Aim of the task
Only the pictures are to be dropped; the rest of the data below is to be duplicated exactly.

Stored data
────────────────────
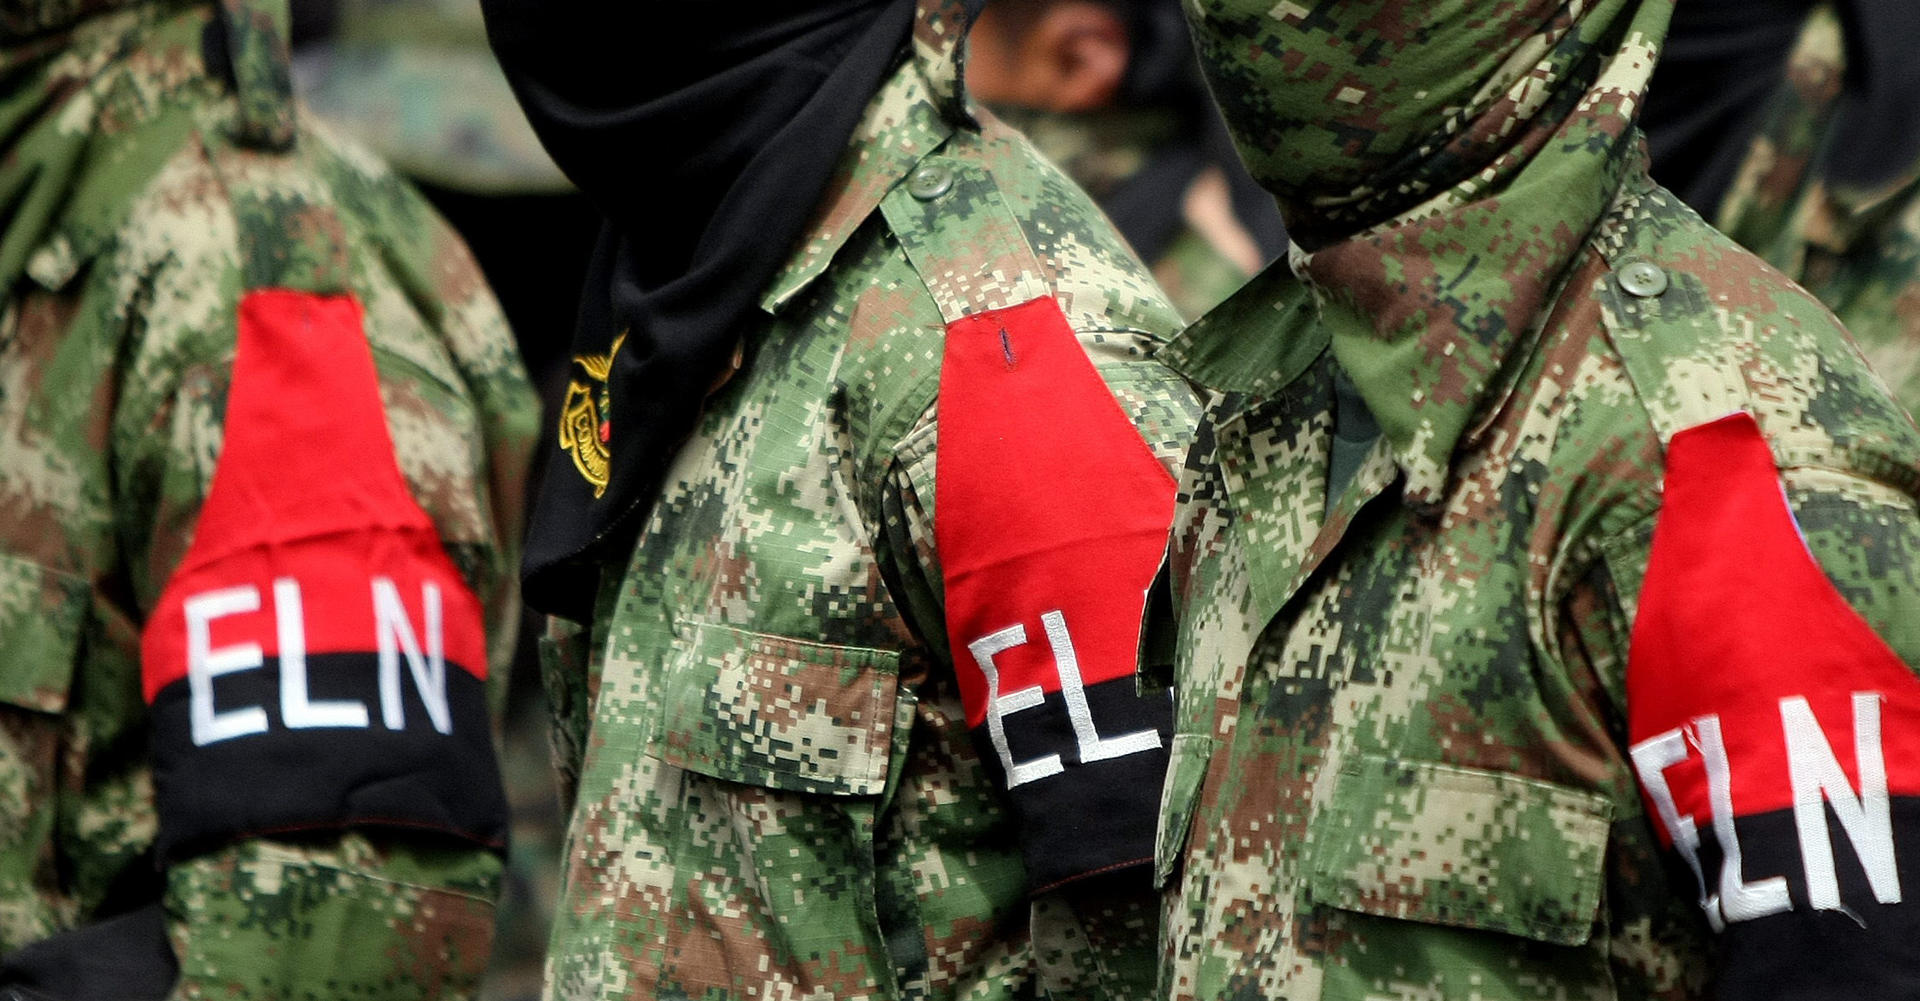 Vista de miembros de la guerrilla del ELN, en una fotografía de archivo. EFE/Christian Escobar Mora
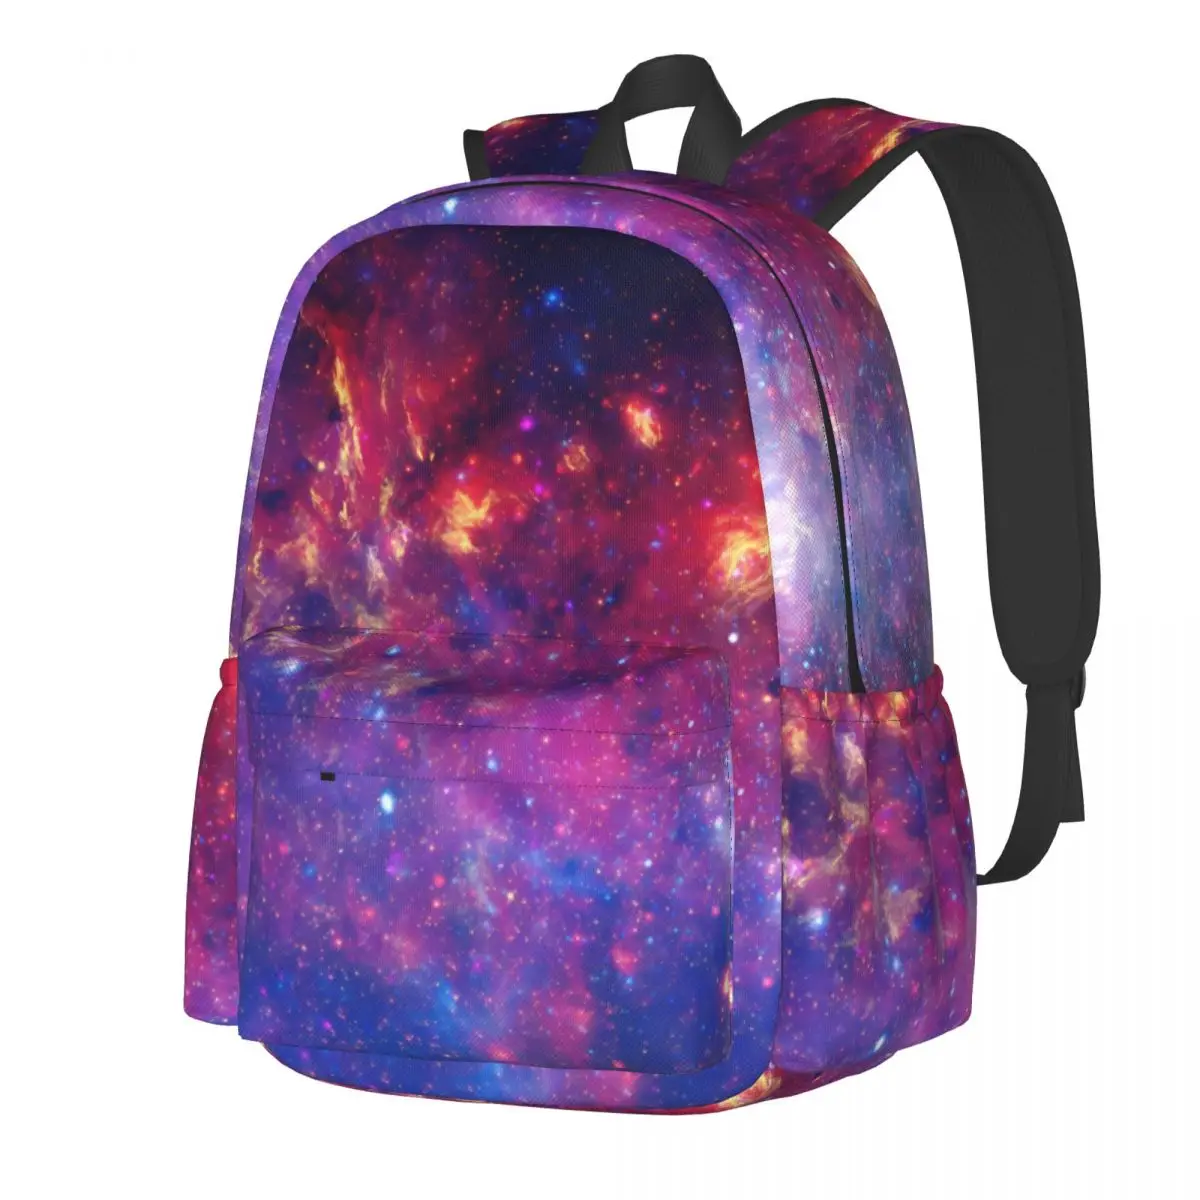 

Рюкзак унисекс с принтом Галактики, цветные Большие рюкзаки молочного цвета, уличная одежда из полиэстера, дорожные сумки для старших классов
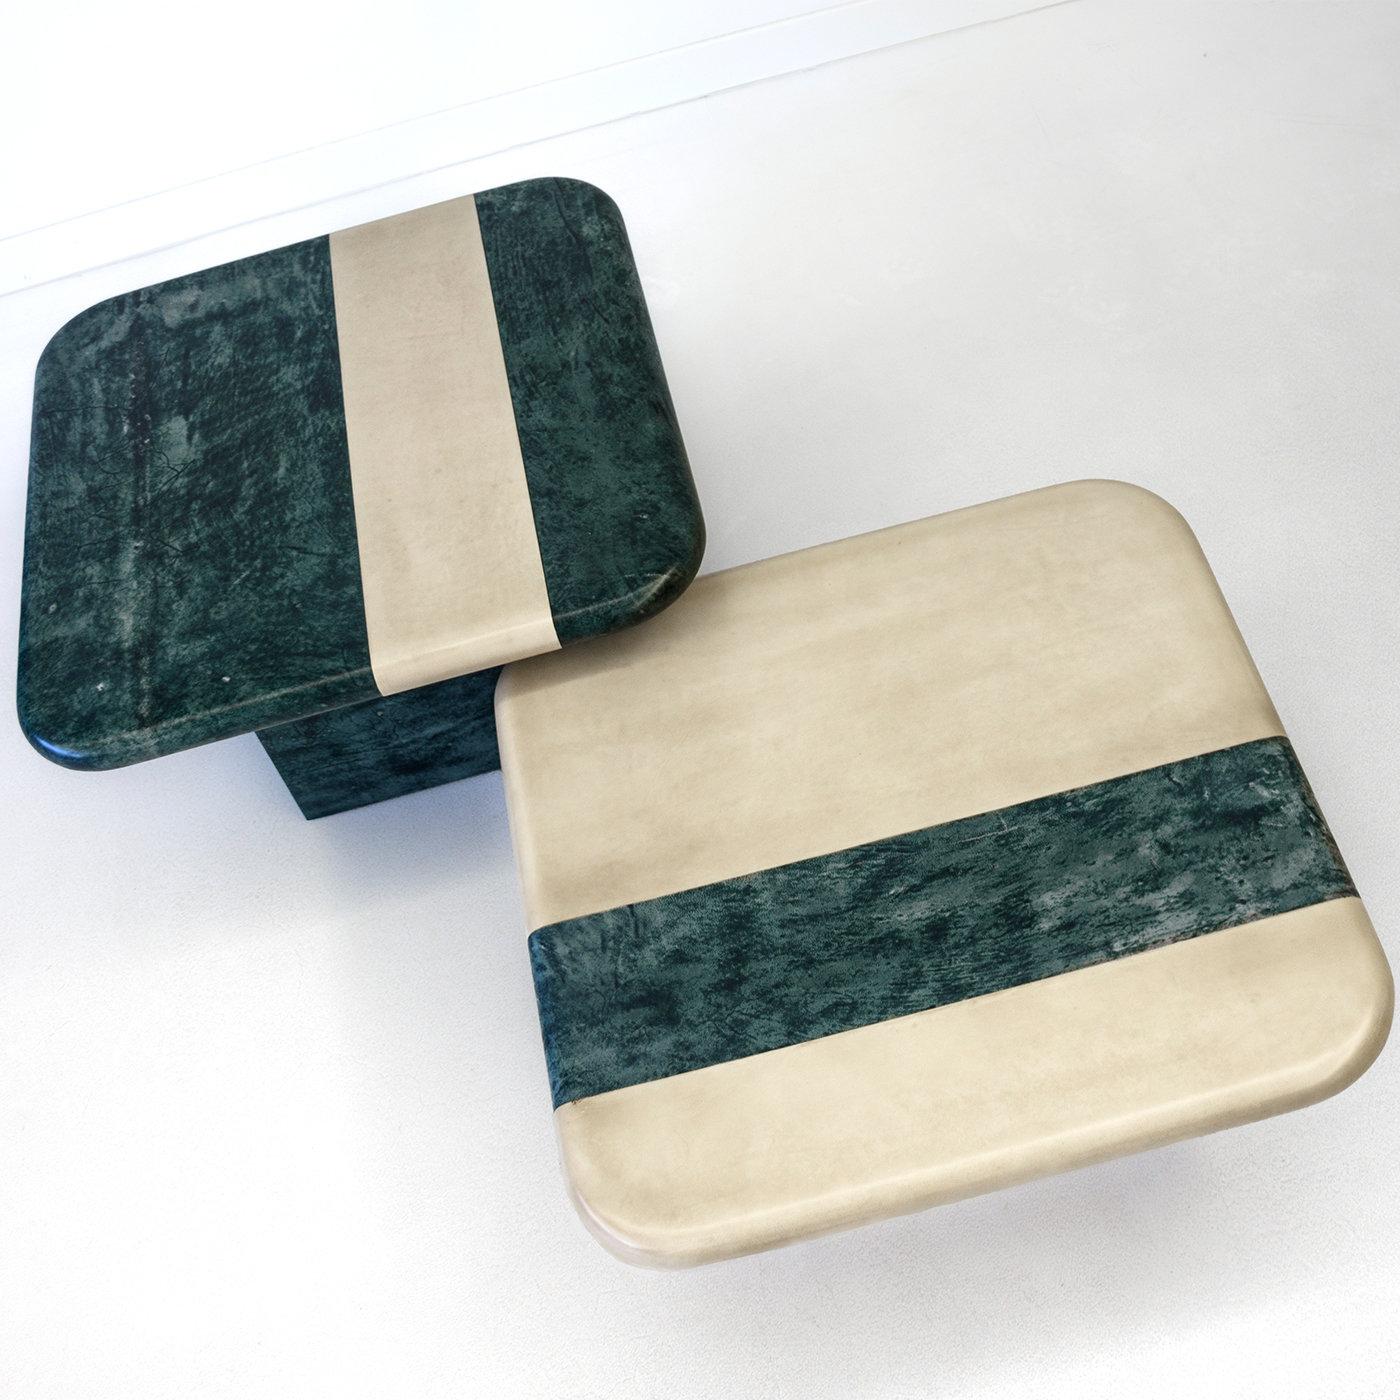 Réalisé avec une attention méticuleuse à la qualité et aux détails, cet ensemble de tables basses est défini par un plateau carré décoré du même motif géométrique en couleurs inversées : bleu-vert avec bande sable pour la version haute (80 X 80 X
────────────────────
Your solution
 Vista de miembros de la guerrilla del ELN, en una fotografía de archivo. EFE/Christian Escobar Mora

Рюкзак унисекс с принтом Галактики, цветные Большие рюкзаки молочного цвета, уличная одежда из полиэстера, дорожные сумки для старших классов
 Réalisé avec une attention méticuleuse à la qualité et aux détails, cet ensemble de tables basses est défini par un plateau carré décoré du même motif géométrique en couleurs inversées : bleu-vert avec bande sable pour la version haute (80 X 80 X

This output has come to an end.